Watching the logs on the workers, the only lines that appear are the following:

mod_gearman_worker-log.jpg

All the checks go critical with "service/host check orphaned, is the mod-gearman worker on queue 'service' running?"

io on the master server seems ok, as does disk space

Just seems like for some reason the workers are unable to retrieve the jobs form the master.

When the issue has occured, it takes a few times to restart Nagios (service stop nagios, gearmand, nagiosxi, ndo2db, mysqld, then start in the reverses order). Initially after the event queue will indicate that events are being passed, but after a couple of minutes, the events start bunching up, and failing with the orphaned message.

I'm not sure why it settles down (maybe because I restart everything 3 times..) but after restarting the services a number of times, it seems to settle down & gain some stability.

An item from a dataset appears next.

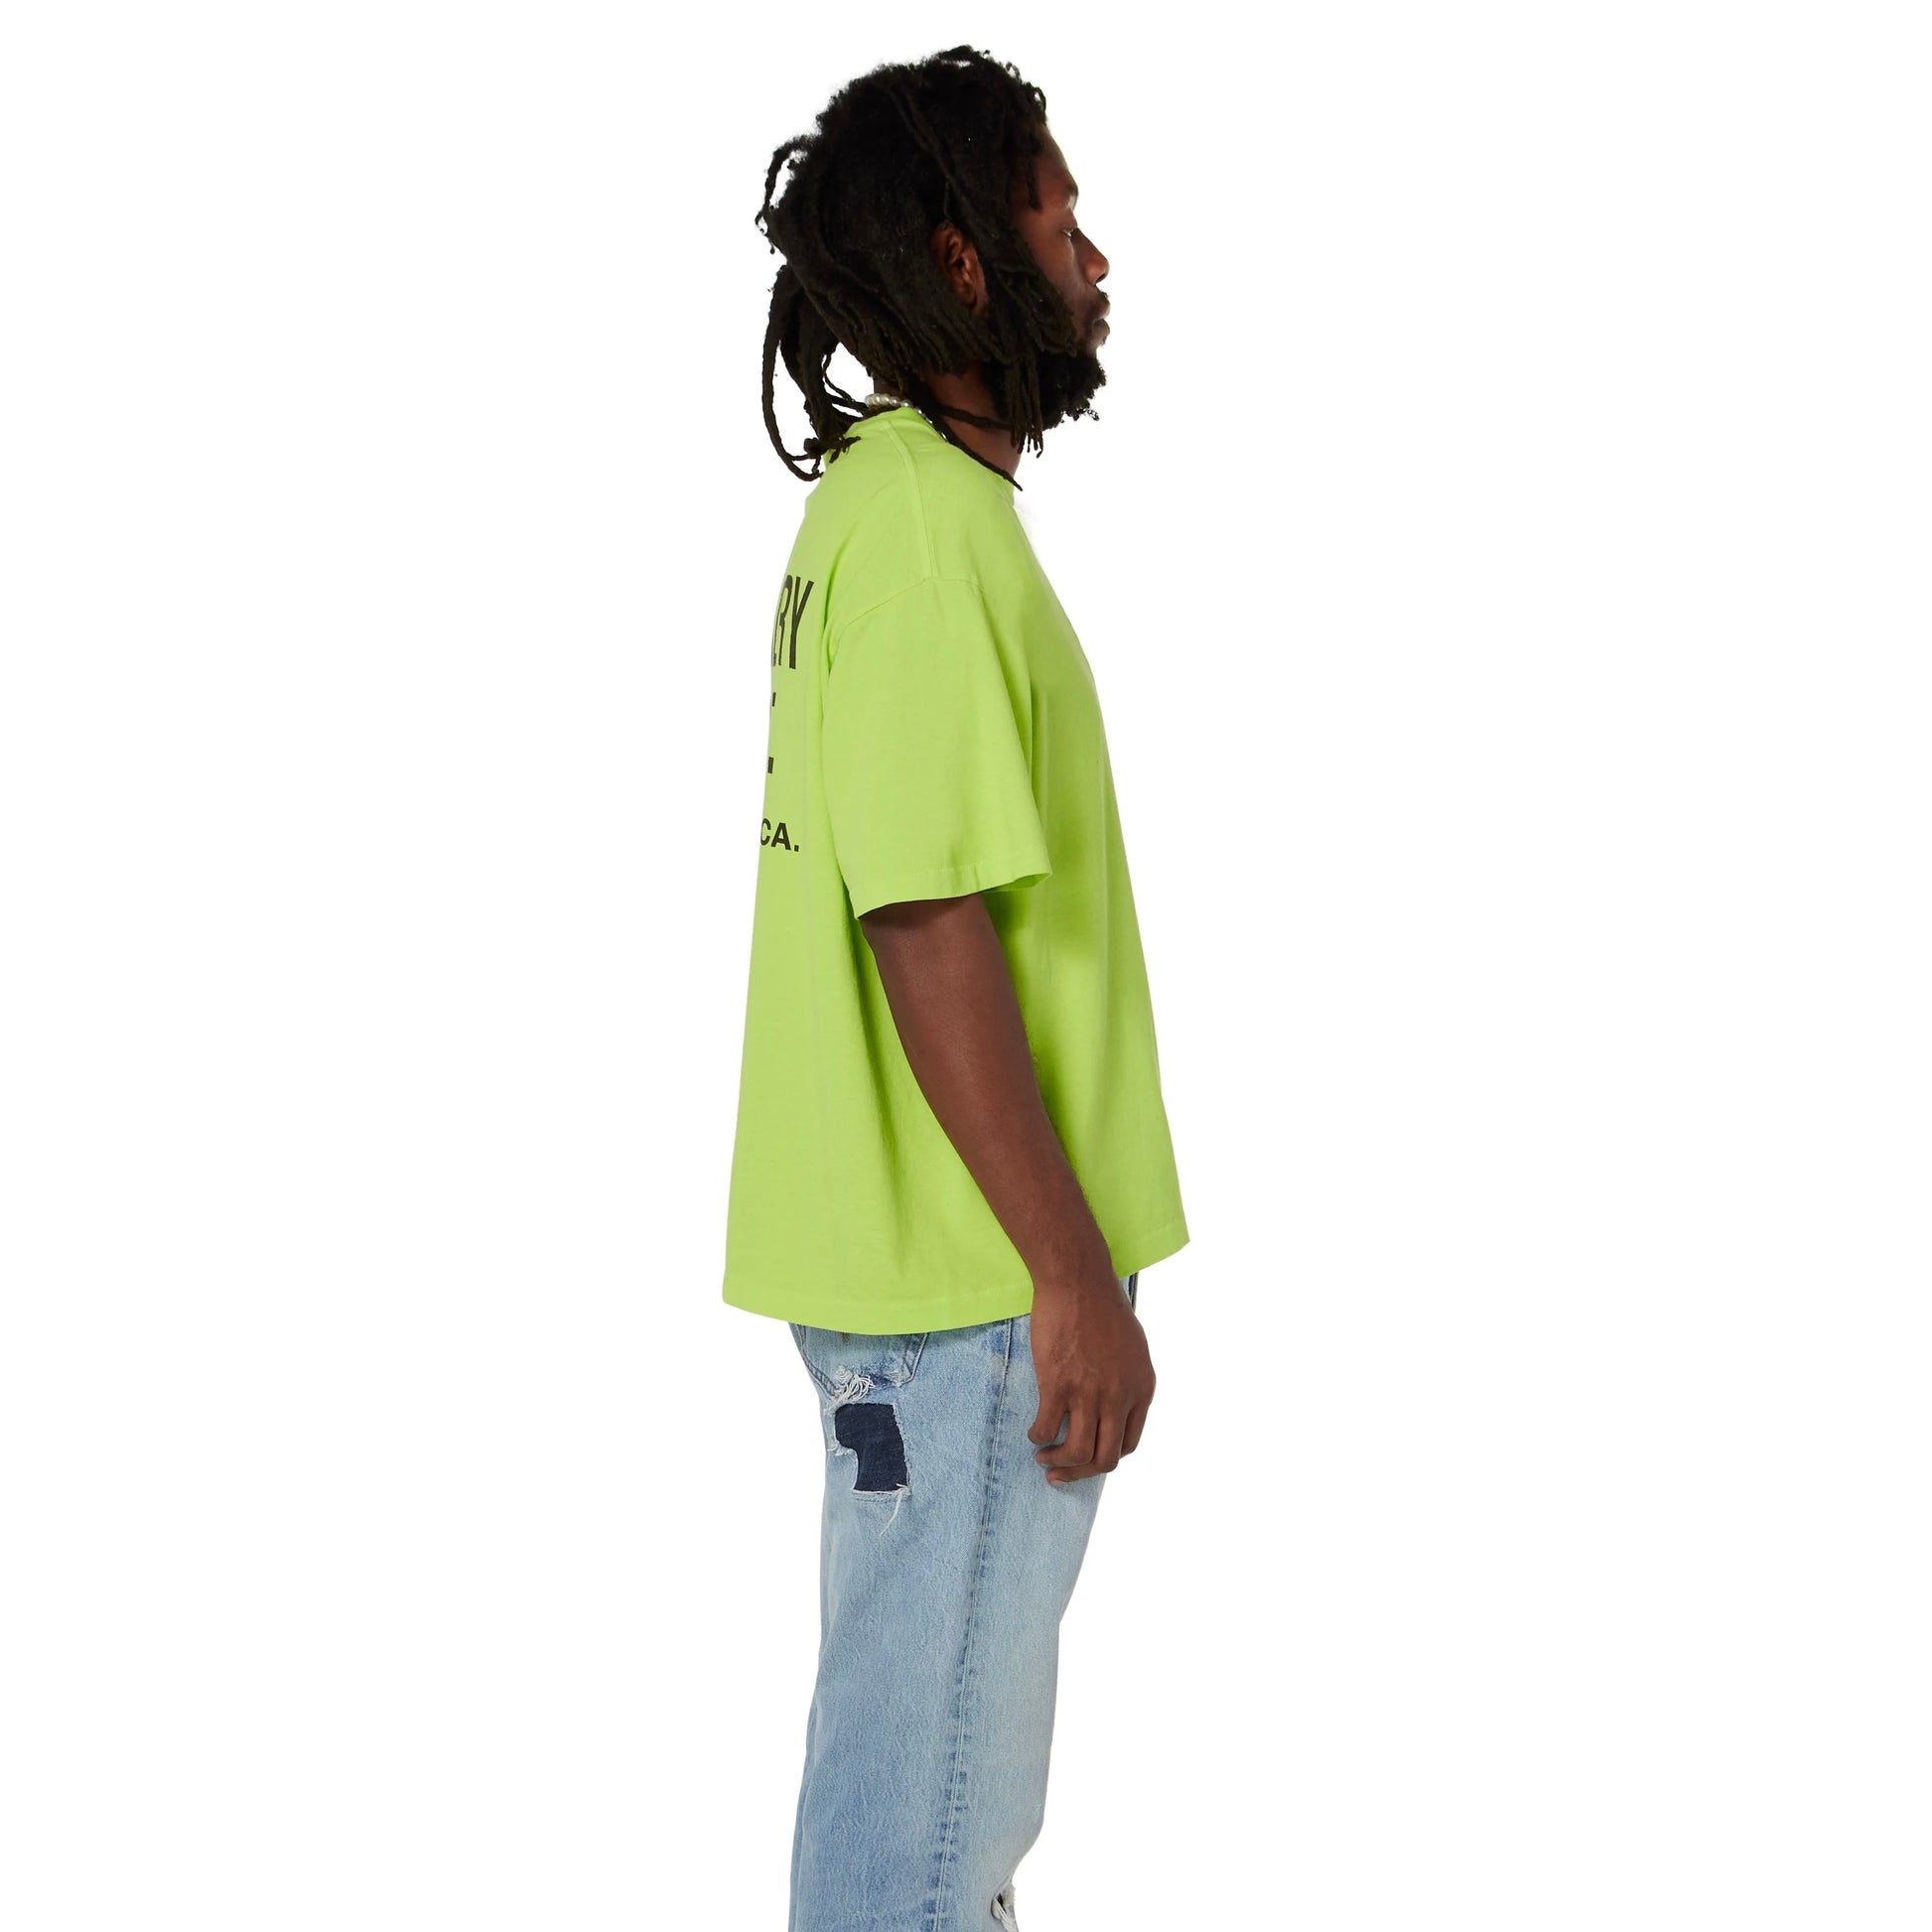 Gallery Dept Lime Green Souvenir T-Shirt On Body View 7

To Troubleshoot, have made the following changes:

- Upgraded to 2012r2.9
- followed the orphaned checks section form the support wiki,
- nagios.conf - use_retained_scheduling_info=0 (This seemed to distribute the checks more evenly)
- /etc/mod_gearman/mod_gearman_neb.conf - use_uniq_jobs=off

The issue seems to take at least a 24-72hrs to surface, so at the moment am waiting.

Here is a current pic of the Event Queue:

currentEventQueue.jpg

Previously the graph was quite a sharp sawtooth type pattern

Appreciate any advice

Thanks

Lincoln

Post by **BanditBBS** » Fri Feb 14, 2014 8:31 pm

I had an issue this past weekend after some network outage. After restarts of all the workers and the nagios process most were still orphaned. I rebooted NagiosXI and then half came back up fine. After that, I ended up having to reschedule the next active check of all the individual services and they would work. It just keep saying orphaned every time the check would run until I scheduled manually and then it started working.

Hope you figure something out so it can possibly help me next time....good luck!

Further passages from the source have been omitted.